The Distributed ASCI Supercomputer 3 (DAS-3)

SGE does not enforce exclusive access to the reserved processors. It is not difficult to run processes on the compute nodes behind the reservation system's back. However, this harms your fellow users, and yourself when you are interested in performance information.
SGE does not alter the users' environment. In particular this means, that pre-set execution limits (such as memory_use, cpu_time, etc) are not changed. We think this is the way it ought to be: if users want to change their environment, they should do so with the appropriate "ulimit" command in their .bashrc (for bash users) or .cshrc (for csh/tcsh users) files in their home directory.
NOTE: your .bash_profile (for bash users) or .login (for csh/tcsh users) is NOT executed within the SGE job, so be very careful with environment settings in your .bashrc/.cshrc.

SGE/MPI example:

Here, we will discuss a simple parallel example application, using MPI on a single DAS-3 cluster. See the DAS-3 OpenMPI page for an example regarding multi-cluster Grid runs using OpenMPI.
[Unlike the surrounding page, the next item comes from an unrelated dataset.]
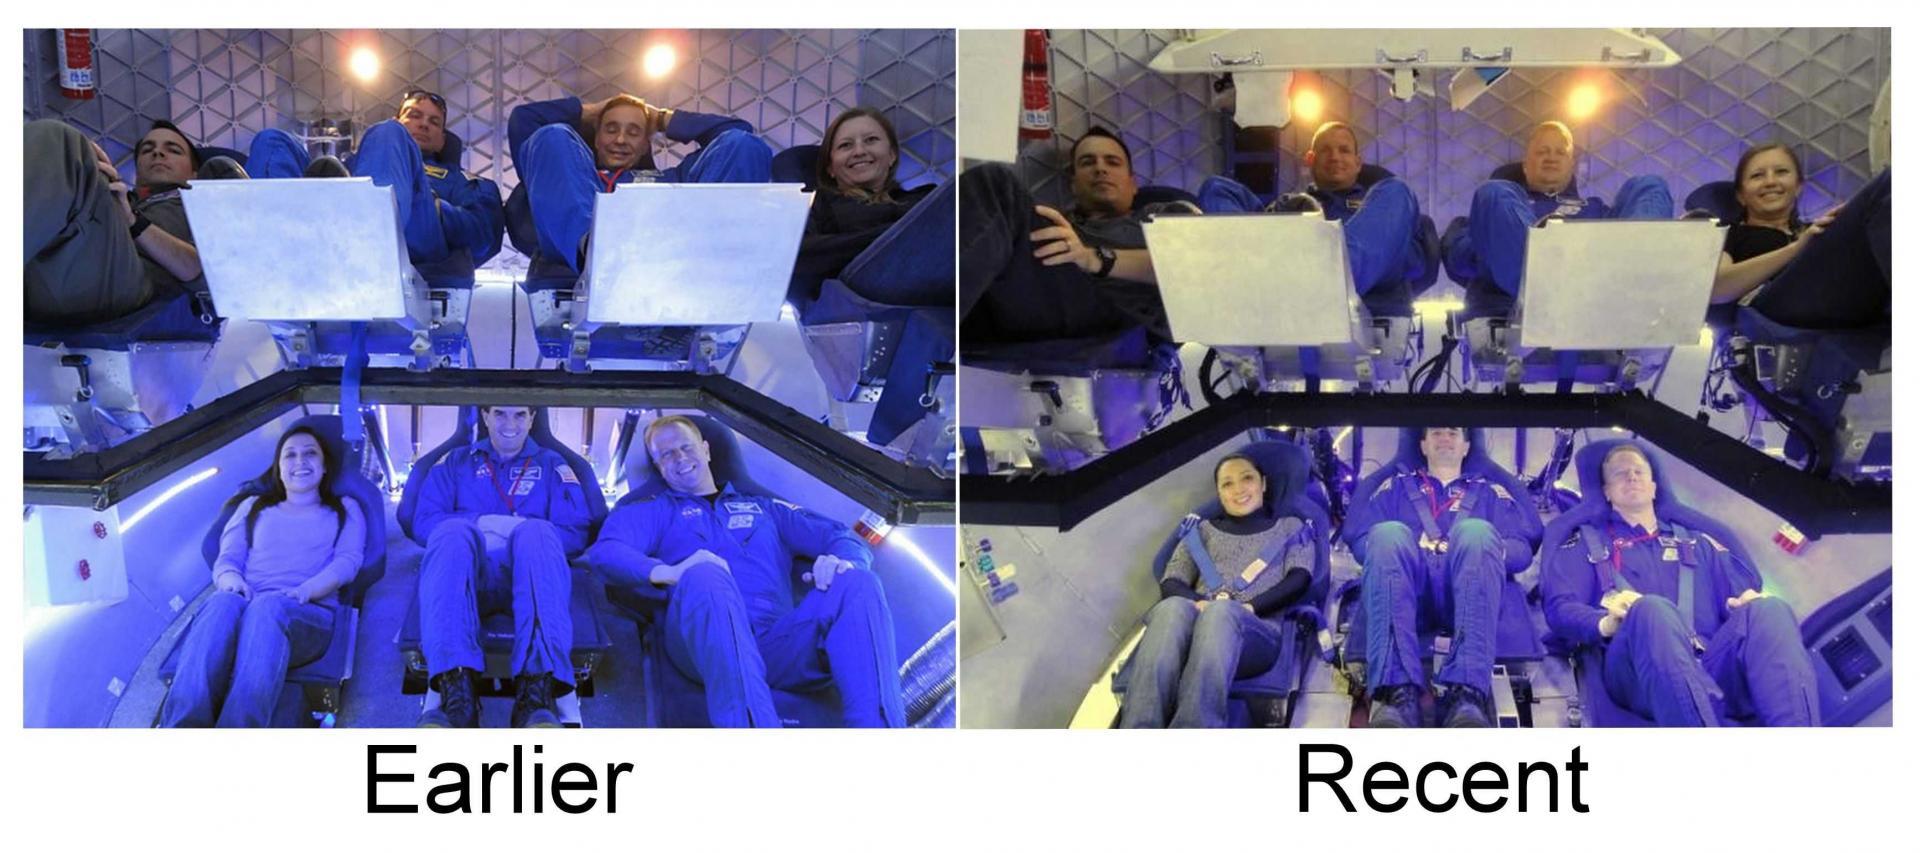 dragon capsule cst 100 spacecraft vs - photo #3

Step 1: Inspect the source code:

$ cat cpi.c
#include "mpi.h"
#include <stdio.h>
#include <math.h>

static double
f(double a)
{
    return (4.0 / (1.0 + a*a));
}

int
main(int argc, char *argv[])
{
    int done = 0, n, myid, numprocs, i;
    double PI25DT = 3.141592653589793238462643;
    double mypi, pi, h, sum, x;
    double startwtime = 0.0, endwtime;
    int  namelen;
    char processor_name[MPI_MAX_PROCESSOR_NAME];

    MPI_Init(&argc, &argv);
    MPI_Comm_size(MPI_COMM_WORLD, &numprocs);
    MPI_Comm_rank(MPI_COMM_WORLD, &myid);
    MPI_Get_processor_name(processor_name, &namelen);

    fprintf(stderr, "Process %d on %s\n", myid, processor_name);

    n = 0;
    while (!done) {
        if (myid == 0) {
	    if (n == 0) {
		n = 100; /* precision for first iteration */
	    } else {
		n = 0;   /* second iteration: force stop */
	    }

	    startwtime = MPI_Wtime();
        }

        MPI_Bcast(&n, 1, MPI_INT, 0, MPI_COMM_WORLD);
        if (n == 0) {
            done = 1;
        } else {
            h   = 1.0 / (double) n;
            sum = 0.0;
            for (i = myid + 1; i <= n; i += numprocs) {
                x = h * ((double) i - 0.5);
                sum += f(x);
            }
            mypi = h * sum;

            MPI_Reduce(&mypi, & pi, 1, MPI_DOUBLE, MPI_SUM, 0, MPI_COMM_WORLD);

            if (myid == 0) {
                printf("pi is approximately %.16f, error is %.16f\n",
                       pi, fabs(pi - PI25DT));
		endwtime = MPI_Wtime();
		printf("wall clock time = %f\n", endwtime - startwtime);
	    }
        }
    }

    MPI_Finalize();

    return 0;
}

Step 2: Compile the code with MPICH:

$ module load default-ethernet   # or "default-myrinet"
$ which mpicc
/usr/local/Cluster-Apps/mpich/ge/gcc/64/1.2.7/bin/mpicc
$ mpicc -o cpi cpi.c

Step 3: Adapt the SGE job submission script to your needs. In general, running a new program using SGE only requires a few minor changes to an existing job script. A job script can be any regular shell script, but a few SGE-specific annotations in comments starting with "#$" are used to influence scheduling behavior. A script to start an MPI (MPICH) application could look like this:

$ cat cpi.sge
#!/bin/sh
#$ -S /bin/sh
#$ -cwd
#$ -N cpi-job
#$ -l h_rt=0:15:00
#$ -pe mpich 4

MYAPP=cpi
MYAPP_FLAGS=''

# The number of cores per node can be different on the various DAS sites.
# Here we will use every cpu core there is on the first compute node,
# and assume this will be the same on the other nodes in the same cluster:
cpuspernode=`cat /proc/cpuinfo | grep processor | wc -l`
ncpus=`expr $NSLOTS \* $cpuspernode`

export MPICH_PROCESS_GROUP=no
. /etc/profile.d/modules.sh
module add default-ethernet  # or "default-myrinet"

#$ -v MPI_HOME
#$ -v LD_LIBRARY_PATH

echo "Got $NSLOTS nodes."
echo "Original machines file:"
cat $TMPDIR/machines
for i in `cat $TMPDIR/machines`; do
    j=0
    while [ $j -lt $cpuspernode ]; do
        echo $i
        j=`expr $j + 1`
    done
done > $TMPDIR/machines2
echo "Using following machines file:"
cat $TMPDIR/machines2

cmd="$MPI_HOME/bin/mpirun -np $ncpus -machinefile \
$TMPDIR/machines2  $MYAPP $MYAPP_FLAGS"
echo Will run: $cmd
$cmd

In this example, on the first two lines we specified the shell "/bin/sh" to be used for the execute of the job script. The first line is in fact sufficient on DAS-3, but the second line is included for backward compatibility with other SGE installations.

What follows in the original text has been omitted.